You are cruel by making me choose only two! 

1. *Siege of Avalon* - which had the tagline: "_Played any good books lately?"





_
It played a lot like Diablo, but it had loads of reading - unfolding a proper fantasy tale where you make the decisions. Its been so long since I played it, but I remember I sunk many hours into it and got swallowed up by the story.

2. *Deus Ex





*
Possibly my all-time favourite game. Awesome story and concept. I couldn't praise it enough.

The recent prequel, *Deus Ex: Human Revolution* was absolutely brilliant as well. The sequel, *Deus Ex: Invisible War* was poor though.


----------



## Alias Black (Jun 9, 2015)

Definitely concur with Deus Ex and Human Revolution! I haven't played Siege of Avalon, but I'll make sure to take a look. Sounds mighty fun from your description.


----------



## Remedy (Jun 9, 2015)

Siege of Avalon has probably dated quite a lot. I was 12 (14 years ago) when I first played it - but seeing as it was one of the first games that sprung to mind, it must have left a lasting impression. 
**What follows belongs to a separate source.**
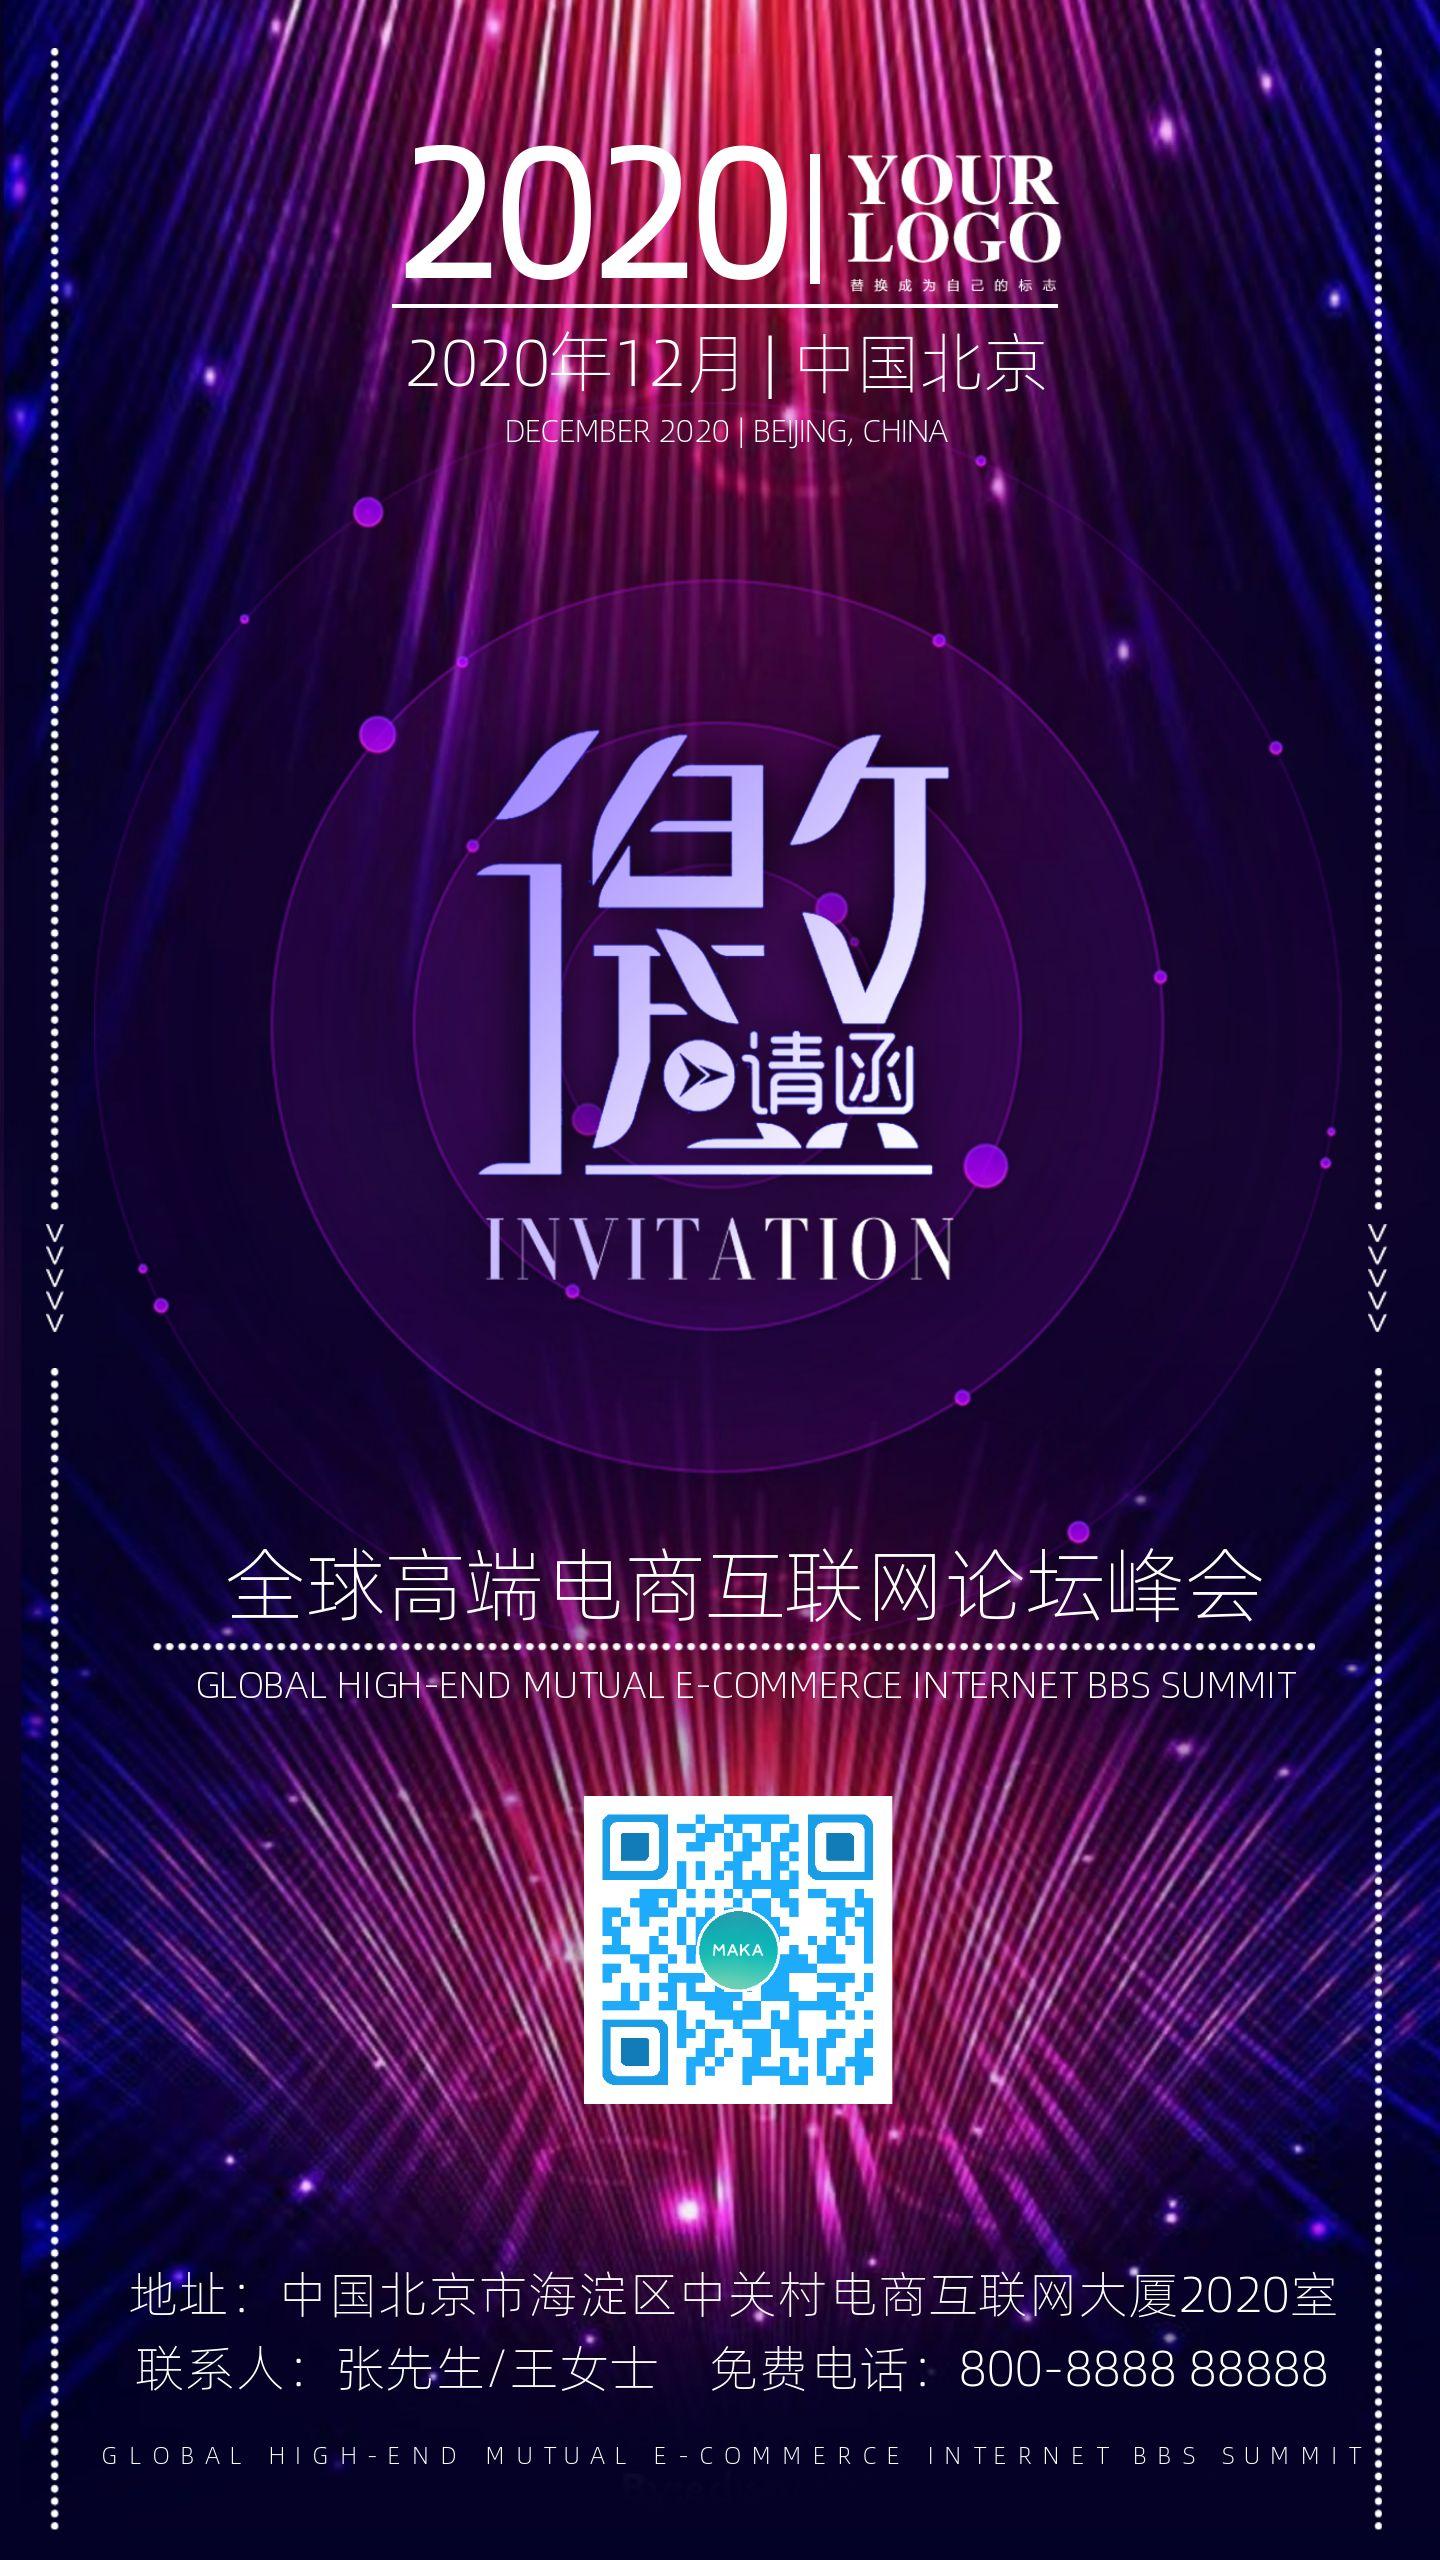 2020高端炫酷紫色互联网IT金融科技商务峰会展会会议交流论坛邀请函请柬

Edit: This was Game Spy's review (the review I most agree with): "_With this game's gradually revealed story of deception, treachery, and heroism, the age of good storytelling has returned. It doesn't come without a price, though -- be prepared to read. A lot._"


----------



## thaddeus6th (Jun 9, 2015)

I haven't played any of those four 

1. The Last of Us.

I shan't spoil it, as it's fairly recent and has been re-released for the PS4. The plot revolves around Joel and Ellie, very much an odd couple in a horrendous post-apocalypse world. Fungal zombies have destroyed most of civilisation, and circumstances force the ageing survivor and teenage girl together. 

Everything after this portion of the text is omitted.